Evolutionary transitions and pleiotropic molecules. Land-to-water habitat transition experienced by marine mammals such as Cetacea was accompanied by remarkable anatomical, physiological and behavioural adaptations. In this study, we aim to assess the coding status of several neuropeptides with distinct physiological roles. Fossil timeline (grey bars) depicts the estimated ages of the appearance and extinction of key cetacean ancestors. Dating of these events was obtained in the following references [100,101,102,103,104,105,106,107]. In the lower panel, references for each reported role associated with neuropeptides are provided by [14, 18, 26, 47, 53, 56, 58, 60, 66, 108,109,110,111,112,113,114,115,116,117,118]

In this study, we delve into the evolution of several neuropeptide and receptors, with an important role in the coordination of different physiological compartments that have been clearly modified in Cetacea: including the liver, lungs, heart and brain (Fig. 1; [13]). It is worth noting that neuropeptides and their receptors often exhibit pleiotropic effects, implying a potential wide range of physiological functions. As such, neuropeptide FF-amide peptide precursor (NPFF) seems a major player in pain modulation [14, 15], but also has a role in cardiovascular regulation (e.g. [16]). Pyroglutamylated RFamide peptide (QRFP) and its receptor (QRFPR) play a role in the control of feeding behaviour and also participate in sleep regulation [17,18,19]. Neuropeptide B (NPB) and one of its receptors (NPBWR2) are also important for the control of feeding behaviour, as well as pain modulation and sleep regulation [20,21,22,23]. Neuropeptide S (NPS) and its receptor (NPSR1) are central to sleep regulation and are linked to the control of feeding behaviour [24,25,26]. Neuromedin B receptor (NMBR) has been linked with both hormonal regulation and immunity control [27, 28]. Somatostatin receptor 4 (SSTR4) plays a role in hormonal regulation and in stress responses [29]. Finally, neuropeptide Y6 receptor (Npy6r) was associated with hormonal regulation and control of feeding behaviour [30]. Such pleiotropy raises the critical question on how these regulators evolved in such a drastic ecological transition as that experienced in Cetacea evolution. Strikingly, by expanding the analysis to non-Cetacea 161 mammalian species (22 taxonomic orders; Additional file 1: Table S1), we also revealed a complex mutational landscape, possibly indicative of distinct adaptations to multiple environments.

Results

Variable patterns of sequence alterations are found in two RFamide neuropeptides and their receptors

Comparative analysis of the neuropeptide FF-amide peptide precursor (NPFF) exonic sequences revealed localized events of gene pseudogenization across the mammalian tree. More specifically, 38 mammal species presented a PseudoIndex higher than 2 (Additional file 1: Table S2). This built-in assistant metric incorporated in PseudoChecker [31] assesses the sequence erosion status of the tested genes on a discrete scale ranging from 0 (coding) to 5 (pseudogenized).

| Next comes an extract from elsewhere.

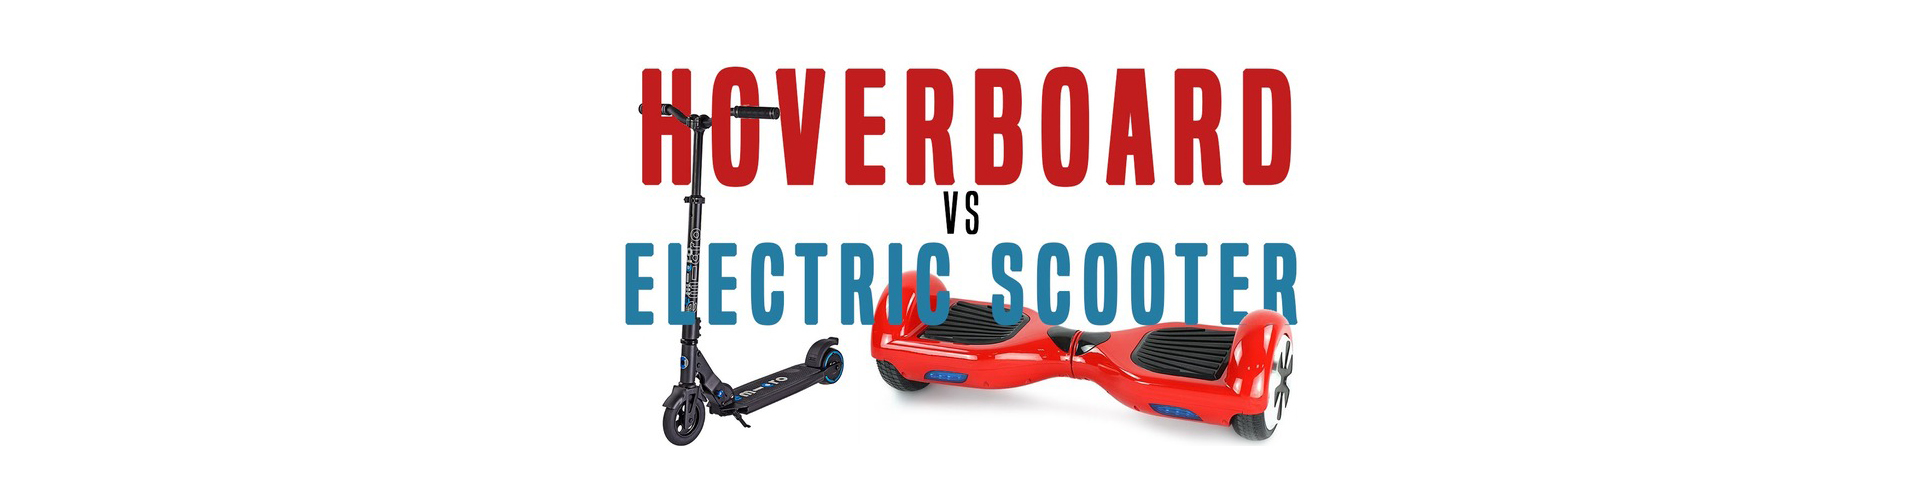 Is an electric scooter better than a hoverboard?

Subsequent manual annotation allowed the identification of non-conserved open reading frame (ORF) disruptive mutations in both Mysticeti and Odontoceti species, including loss of start codon or indels in exons 1 and 2 (Additional file 1: Table S3). When expanding our search to other mammalian lineages, deleterious mutations were found in kangaroo rats (Dipodomys spp.), Hawaiian monk seal (Neomonachus schauinslandi) and flying foxes (Pteropus spp.) (Fig. 3); in the latter a conserved mutation was validated by SRA searches (Additional file 2: Figs. S1–S4). Also, although no inactivating mutations were discovered, exons 1 and 2 in Canidae (Canis spp. and Vulpes spp.) were not found (Additional file 1: Table S3).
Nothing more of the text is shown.